Who, what, when: why I stopped trusting one diarization pipeline
Diarization is three questions wearing one coat. Split them into specialists, never merge across a turn, and the failures stop hiding inside each other.
14 Jun 2026 · 3 min
Speaker diarization is the task of labelling who spoke when in a recording. Most pipelines try to answer that as one question, and most pipelines are mediocre at it, because it is not one question. It is three, and they fail in different ways. When you fuse them into a single model you cannot tell which of the three is lying to you.
So I stopped fusing them. The pipeline I run now is three specialists, each answering exactly one question, and a hard rule that they never reach across a speaker turn into each other's work.
Three questions, three answers
WHEN is "where are the turn boundaries." tinydiarize answers that. It emits a speaker_turn flag at the points where the speaker changes, and that is all I ask of it: cut points, nothing else.
WHAT is "what words, at what times." whisper large-v2 answers that. It gives me the transcript with millisecond-level timings on each word. It is not asked who said anything. It only writes down what was said and exactly when.
WHO is "which speaker is this." WeSpeaker embeddings answer that, with spectral clustering on top. Each segment becomes an embedding, the embeddings get clustered, and the clusters are the speakers. The transcriber never votes on identity and the identity model never transcribes.
Keeping them separate is the whole trick. When the output is wrong I can see whether the boundary was misplaced, the words were misheard, or the speaker was misattributed, because those are three distinct stages with three distinct outputs. A fused model just hands you a wrong answer with no seam to pull on.
Never merge across a turn
The boundaries from tinydiarize are not used raw. A cut that lands in the middle of a word is worse than useless; it splits a phrase across two speaker labels and corrupts both. So every cut point gets snapped to the largest inter-word silence inside a window of plus or minus 1.5 seconds around it. The transcriber already told me where the silences are. I move the boundary to the quietest nearby gap, which means a label change never lands mid-phrase. The three specialists stay in their lanes, and the lane markers are real silences, not guesses.

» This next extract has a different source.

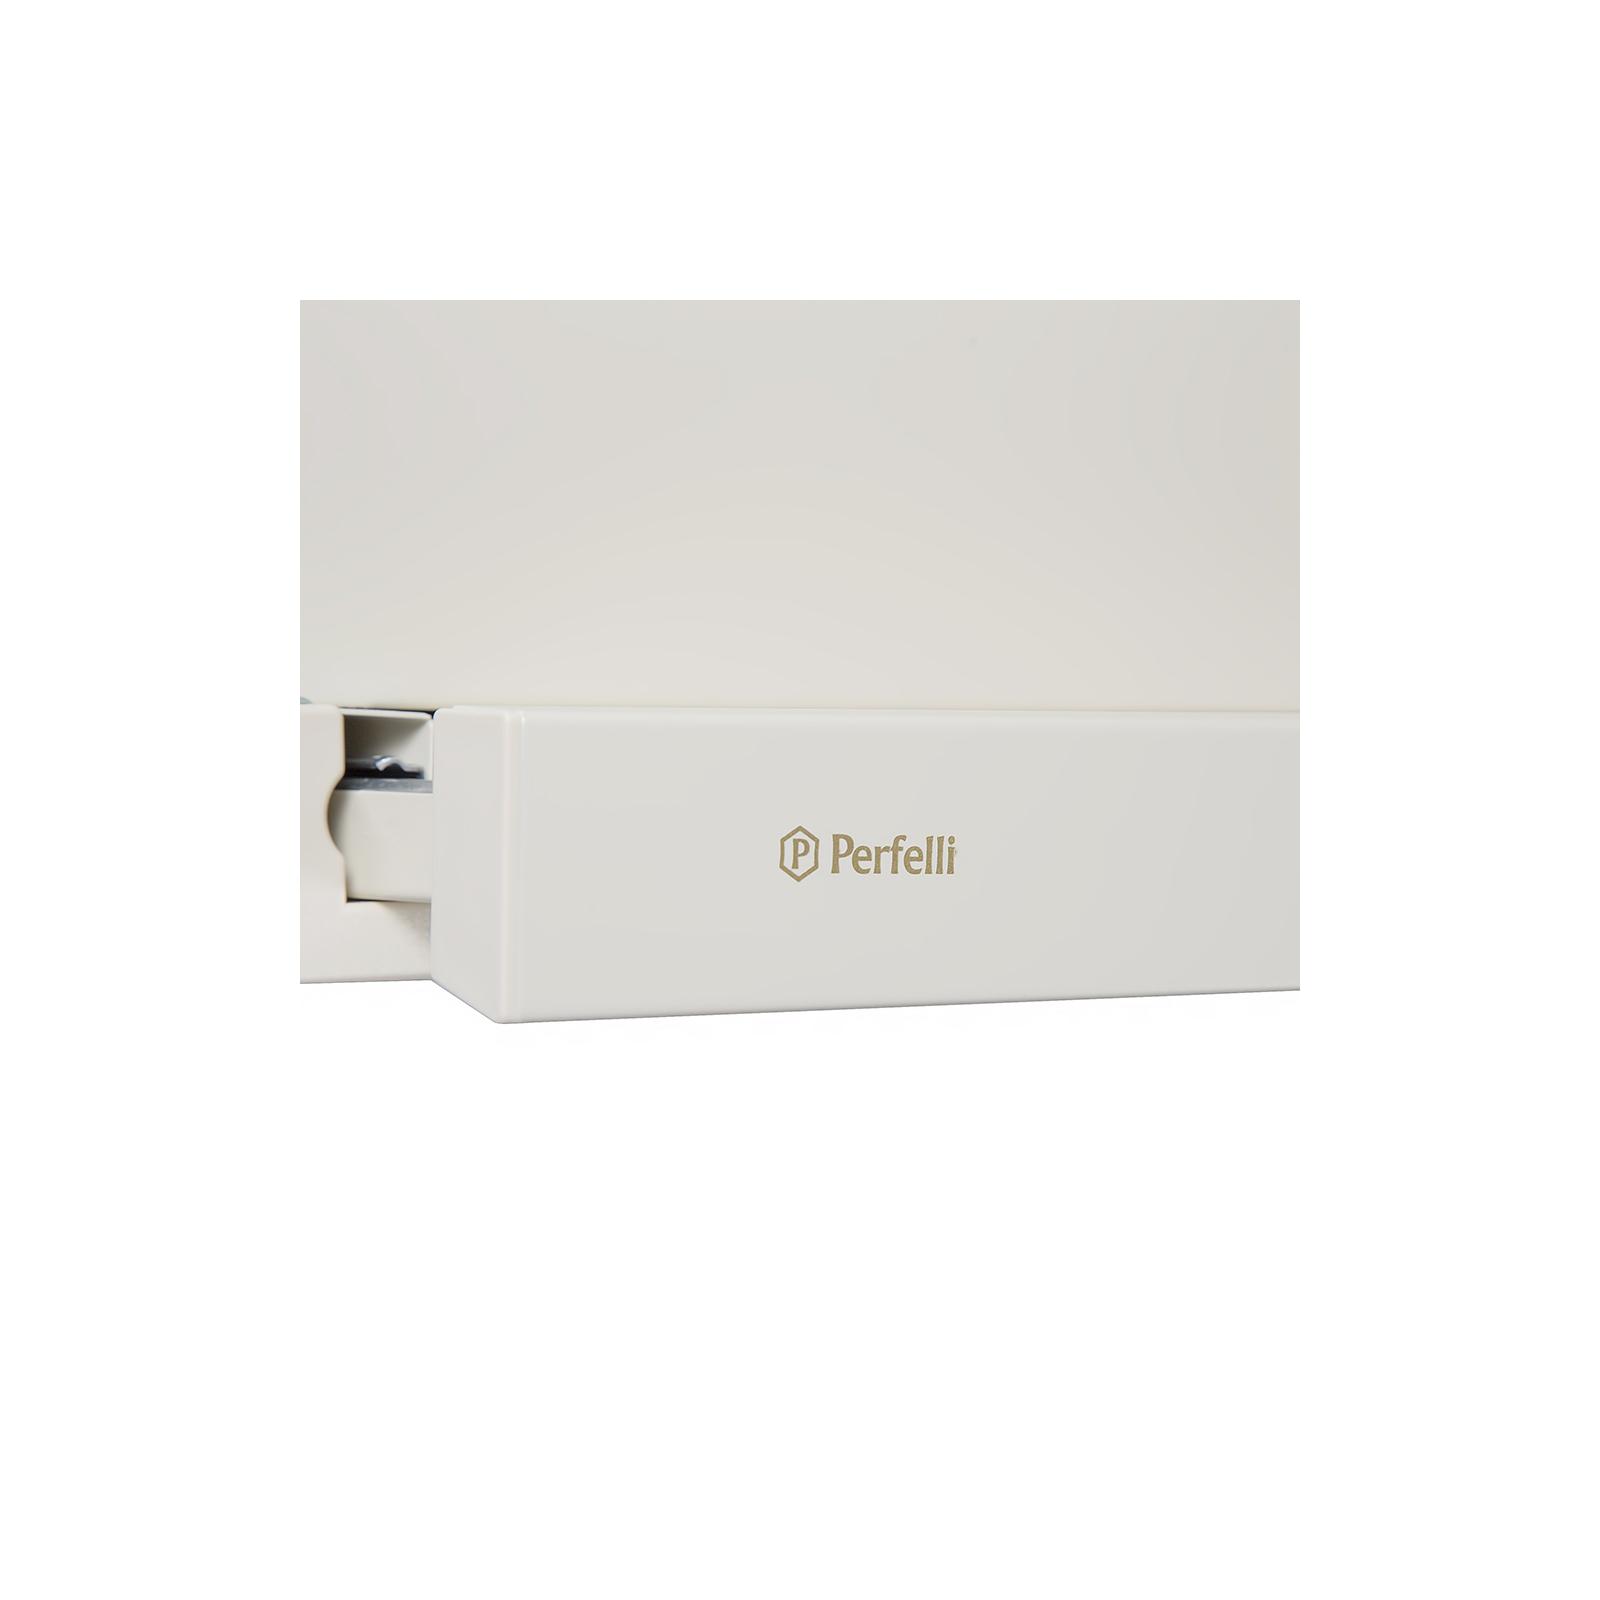 Вытяжка кухонная PERFELLI TL 5103 IV LED изображение 6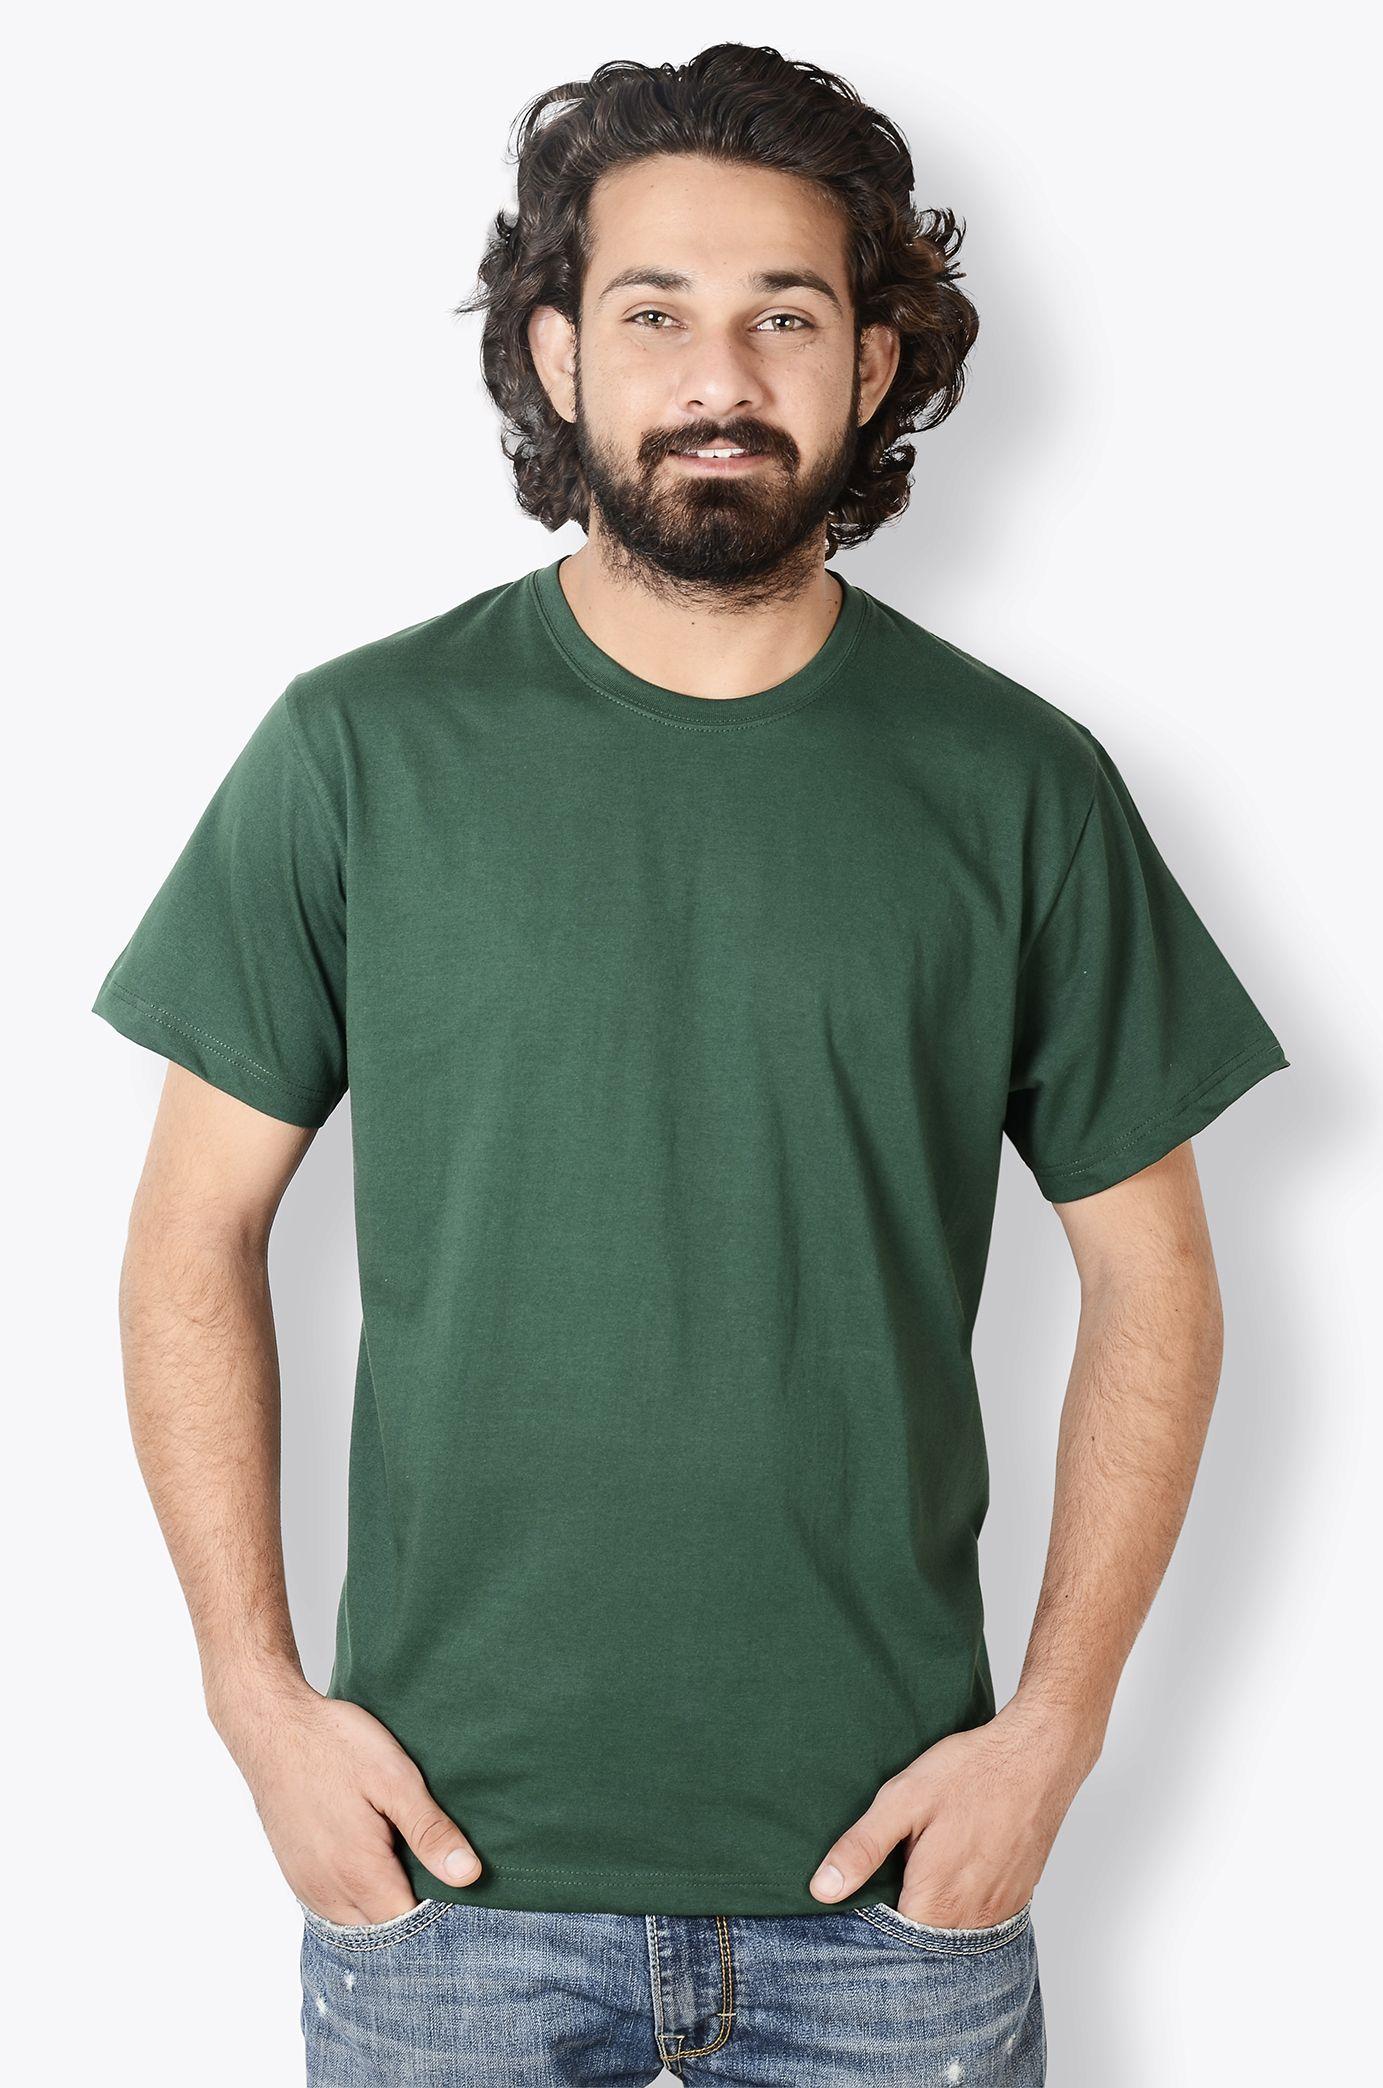 a8d4c87cb Men's Dark Green Round Neck T-Shirt Half Sleeve In stock Rs. 150.00 http

The clustering detail that actually matters
Spectral clustering needs an affinity matrix, and how you build it from cosine similarities is where most implementations quietly break. Cosine similarity runs from -1 to 1. The lazy move is to rescale that whole range into [0, 1]. Do not. Rescaling maps a strongly-negative pair, two clearly different speakers, to a small positive affinity instead of zero, which tells the clustering they are a little bit connected when they are not. That inflates the off-diagonal mass, washes out the eigengap, and the speaker count estimate falls apart.
Instead, clamp the negatives to 0 and leave the positives alone. Different-speaker pairs become true zeros, the block structure stays sharp, and the eigengap in the normalized Laplacian is clean enough to read the speaker count straight off it. I do not ask the user how many speakers there are. The eigengap tells me.
What it cannot do
I trust this chain because I know exactly where it breaks. tinydiarize is English-only, so a bilingual recording is out. It does not handle overlapping speech, so two people talking at once collapse into a mess no boundary can fix. And a recording spliced from several monologues, with no real conversational turns, tends to collapse to a single speaker because there is nothing for the boundary detector to catch. None of these are bugs I can patch. They are the edges of the approach, and naming them is part of trusting it.
The reason it is built this way
The whole chain runs offline on a laptop. tinydiarize, whisper, WeSpeaker, the clustering: none of it phones home. A private meeting goes in one end and labelled transcript comes out the other, and the audio never leaves the machine. That is not a nice-to-have. It is the reason for the architecture. Once you commit to running locally, you cannot lean on a giant hosted model to paper over the seams, so you build the seams well instead, three honest specialists you can inspect, rather than one black box you have to send your private audio to.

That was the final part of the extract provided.